Nigerian table tennis player

Matthew Kuti is a professional Nigerian table tennis player.

== Early life and career ==
Kuti began his table tennis career in Lagos State, where he quickly gained recognition in national competitions. He won the Cadet and Mini-Cadet championships before attracting international attention in 2022 by winning the U-13 and U-11 titles at the WTT Youth Contender in Cairo, Egypt.

Kuti has won four out of five major table tennis tournaments in Nigeria. His recent victories include the 10th Elicris Table Tennis Cup and the Molade Okoya-Thomas Cup.

Internationally, Kuti earned a silver medal at the African Championships in 2024 and 2025, held in Tunis and Addis Ababa, respectively. He also represented Nigeria at the 2023 African Games. He is set to compete in the 2025 African Cup in Tunisia, with the aim of qualifying for the 2025 ITTF World Cup in Macao.
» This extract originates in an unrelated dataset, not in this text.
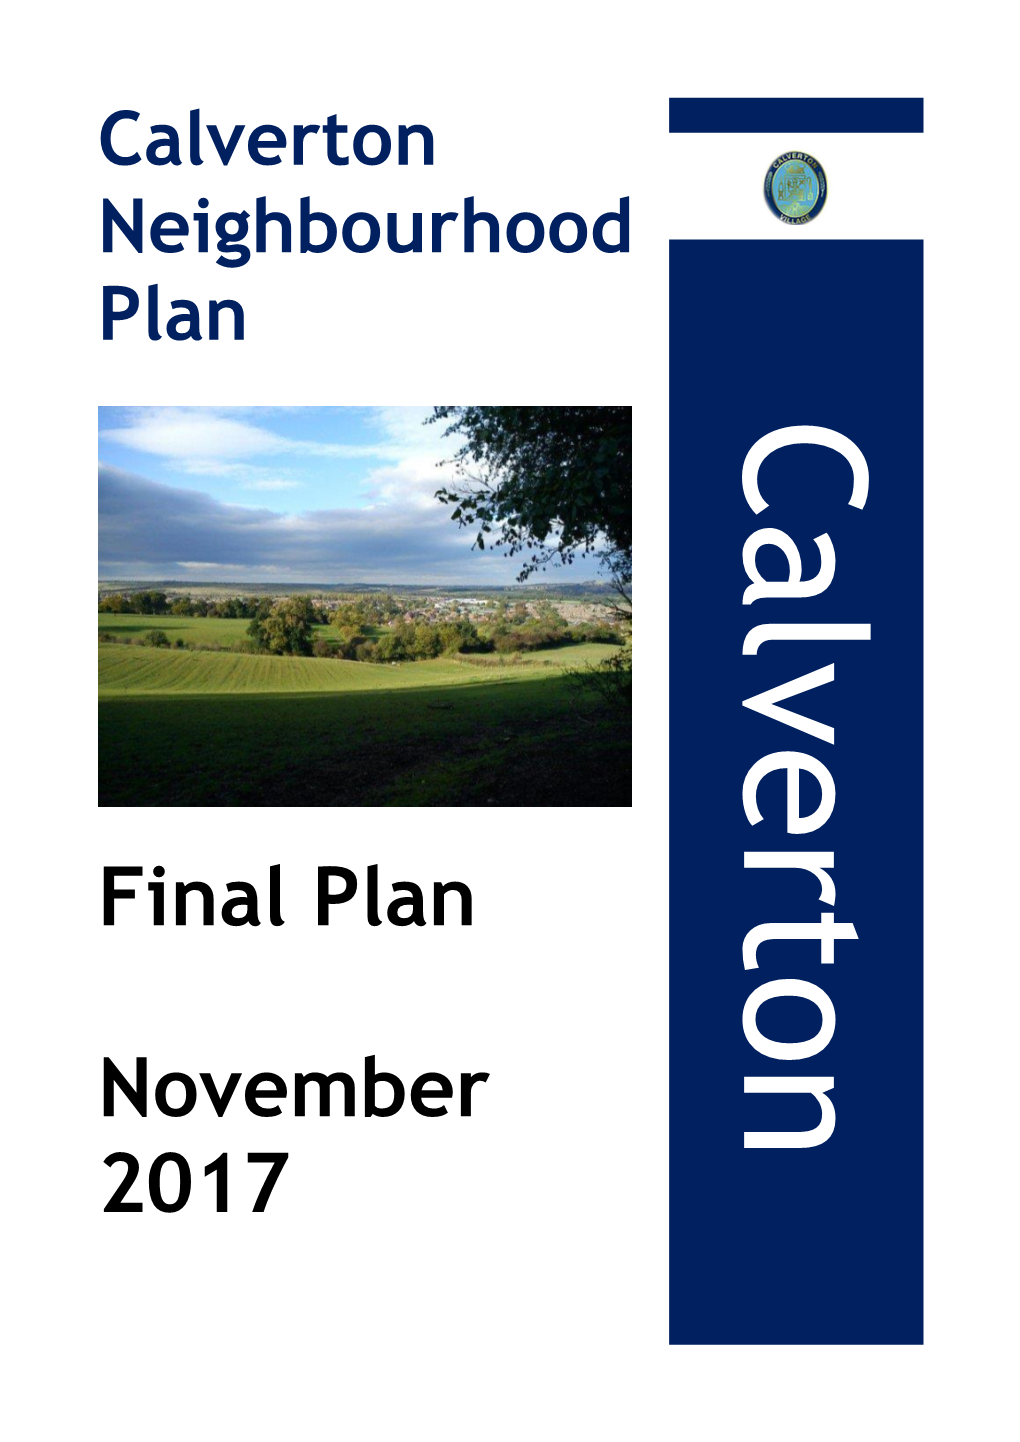 Calverton Neighbourhood Plan (Final Plan)

In July 2025, Matthew Kuti emerged as the first West African player to successfully defend the men’s singles title at the 2025 West African Table Tennis championships at the Molade Okoya-Thomas Hall, Teslim Balogun Stadium, Lagos. He reaffirmed his supremacy by overcoming compatriot Abdulbasit Abdulfatai 4-1 (7-11, 11-6, 11-9, 11-7, 11-7) in the final of the Men's Singles.